ITALY



ITALY
La Stampa, Milan, April 12: Now that it has a majority, however small it may be, the center-left must try to govern Italy. "Try," that is, because no one can hide the extreme difficulties related to the nature of the coalition that the ballot has selected. The center-left must do this, however, by reappraising the moderate forces and by stressing the weight of the extreme wings. But there aren't any alternatives.
Weak victory
This is required, on one hand, by the rules of the democracy: Romano Prodi's coalition, even if it obtained a politically weak victory -- because weak is the supporting consensus -- has beaten the center-right in any case. On the other hand, the country demands it: at the end of an intense (electoral) campaign, you cannot delay facing problems. It's up to the center-left to demonstrate that it is capable of resolving them.
JAPAN
Yomiuri Shimbun, Tokyo, April 12: The husband of Megumi Yokota, who was abducted by North Korea, was most likely a South Korean who was also abducted to North Korea, according to the results of a DNA test.
Without showing the least sincerity in working toward a resolution of the abduction issue, North Korea has repeatedly made false explanations on all aspects of the matter.
The number of South Koreans abducted to North Korea totals 485. The Japanese government needs to work closer with South Korea in investigating the contemptible state terrorism of North Korea.
When Japan and North Korea held talks in September 2002 in Pyongyang, North Korean leader Kim Jong Il told Prime Minister Junichiro Koizumi that the abductions were conducted "by special intelligence agents driven by irrational impulses and heroism."
Organized abductions
However, based on verbal statements made to investigators, including one made by repatriated abductee Hitomi Soga, there are other abductees in North Korea from countries such as Thailand and Romania. These statements are proof the abductions were conducted in an organized way by the state.
Although Yokota's husband has been finally identified, many things remain unclear. The government should not let North Korea stamp the abduction issue "closed." Investigations into the issue must continue and bring to the fore the real picture of what North Korea has done and is doing.
BRITAIN
Financial Times, London, April 11: The revelation that George W. Bush approved the leak of classified information about Iraq's chimerical nuclear programme is unlikely to snowball into another Watergate. Mr. Bush's contention that anything the president says (or leaks) is declassification by other means -- and therefore legal -- might just be tenable. Yet it is hardly credible.
Mr. Bush approved the selective leak in July 2003 of a portion of the U.S. National Intelligence Estimate in an attempt to discredit allegations he had misused intelligence to bolster the case for invading Iraq. The leak was exposed last week in documents submitted by the prosecution in the trial of Scooter Libby, Dick Cheney's former chief of staff, who is accused of lying about another leak in which the name of a serving CIA officer was disclosed.
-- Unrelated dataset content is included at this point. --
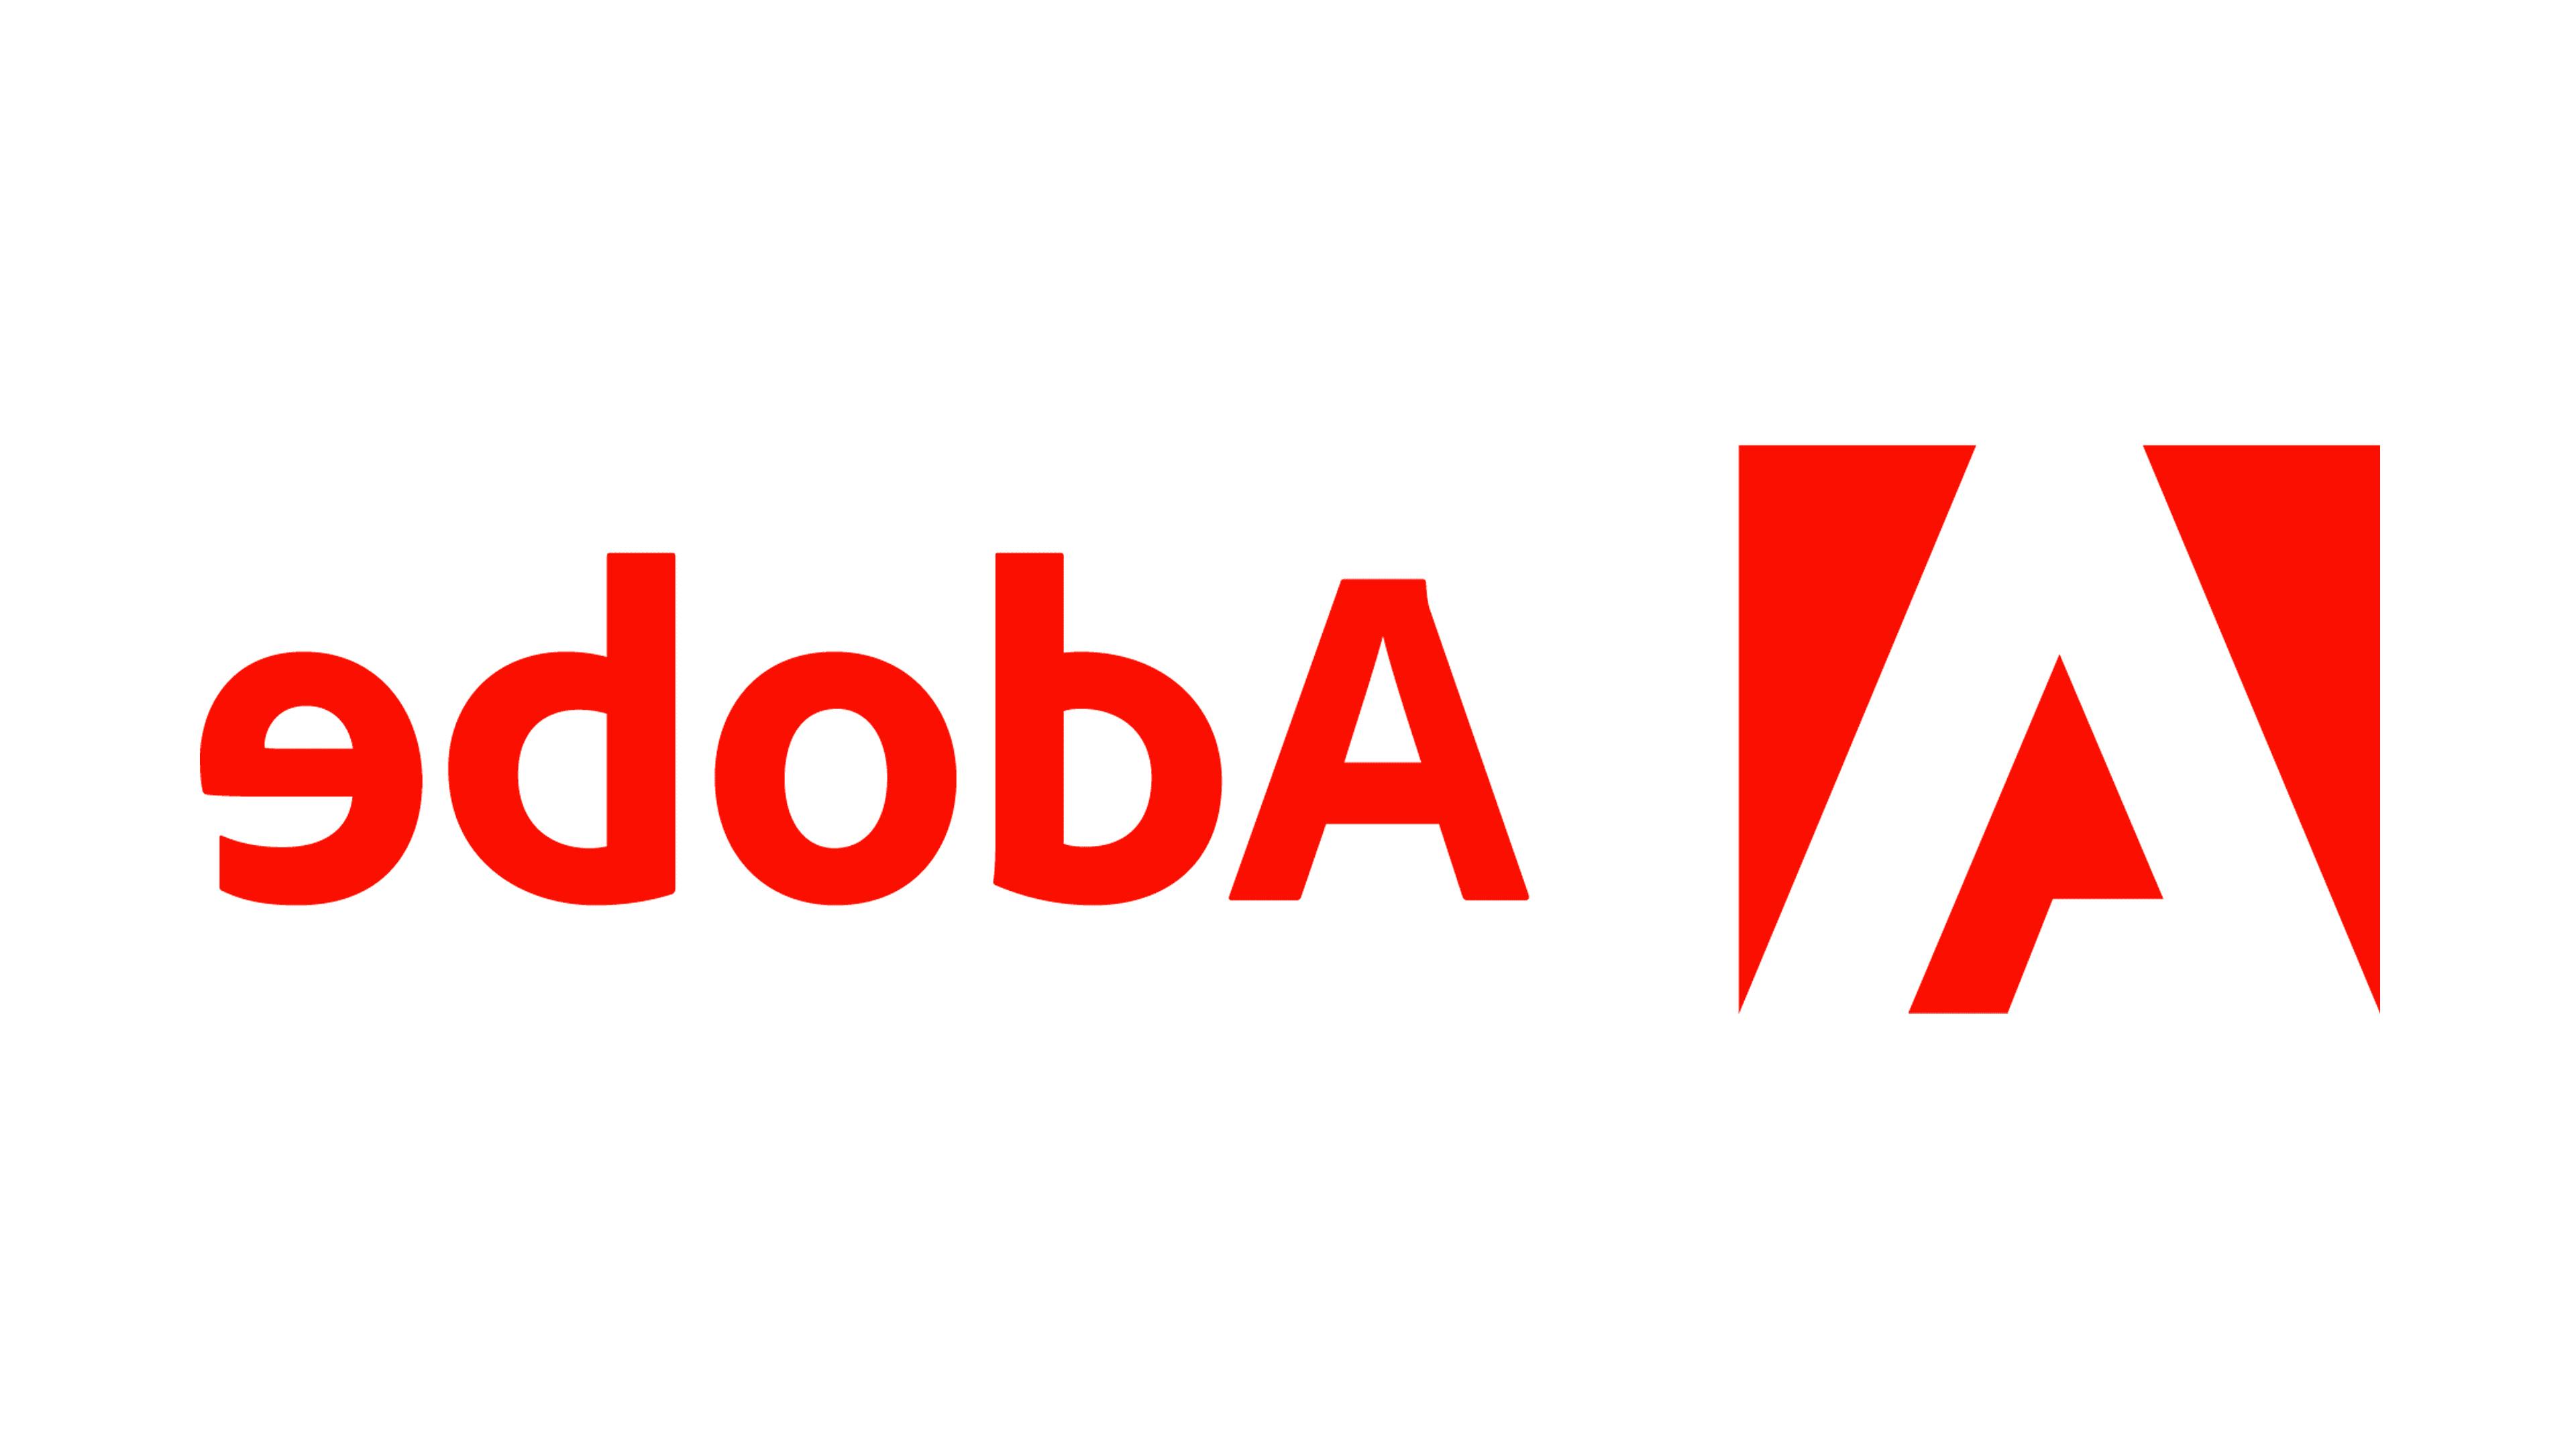 Adobe logo in red

The officer, Valerie Plame, is married to Joseph Wilson, who had been sent in 2002 to Niger to ascertain whether Saddam Hussein had sought to buy uranium. Mr. Wilson found no evidence of a secret Iraqi nuclear program. His decision to publicise this in July 2003 -- three months after the invasion -- coincided with growing awareness that the U.S. was unlikely to find weapons of mass destruction in Iraq.
Mr. Bush is hardly the first U.S. president to leak classified information for short-term political gain.
Plain-speaking guy
However, Mr. Bush has staked his public persona on being a plain-speaking kind of guy. "Whether you agree with me or not, you know where I stand," he told the electorate in 2004. The public, less than half of which now describe Mr. Bush as "honest" in opinion polls, is aware of the fact the president recently launched a campaign to stop the culture of leaking in Washington. Officials in numerous departments have taken polygraphs in the hunt to find who was behind numerous leaks, including the administration's decision to conduct wire-taps without informing the courts.
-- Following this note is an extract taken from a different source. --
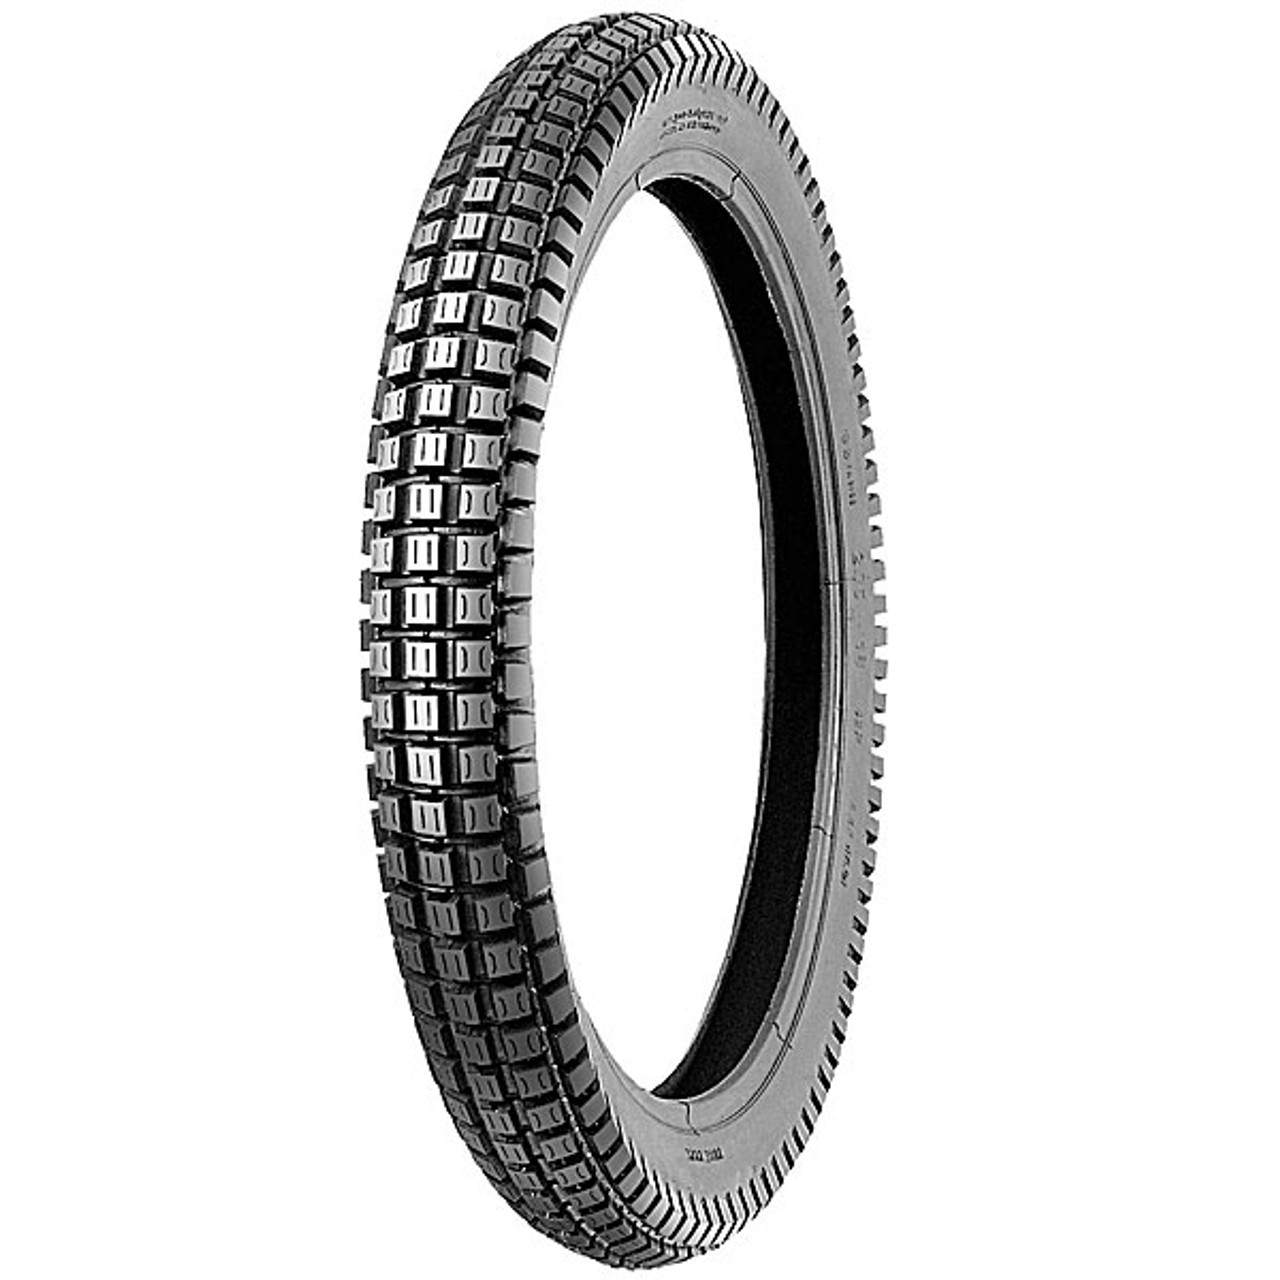 Shinko SR241 3.00 x 16 Trials style tire.

Mr. Bush will probably shrug off opposition charges of hypocrisy. But the outlook would alter drastically if the Democrats gained control of one or both houses of Congress at elections in November. Should that happen, it is a sure bet Democrats would use their subpoena powers to get officials to testify about the alleged misuse of intelligence in the build-up to war. On Sunday Arlen Specter, a senior Republican senator, called on Mr. Bush to come clean about the leaks. One way Mr. Bush could respond while also pre-empting a Democratic backlash would be to call on the Senate to resume its inquiry into the manipulation of intelligence before the war. The inquiry was shelved in 2004 because of fears it might hinder Mr. Bush's re-election. Now would be a good time for the Senate to resume its work.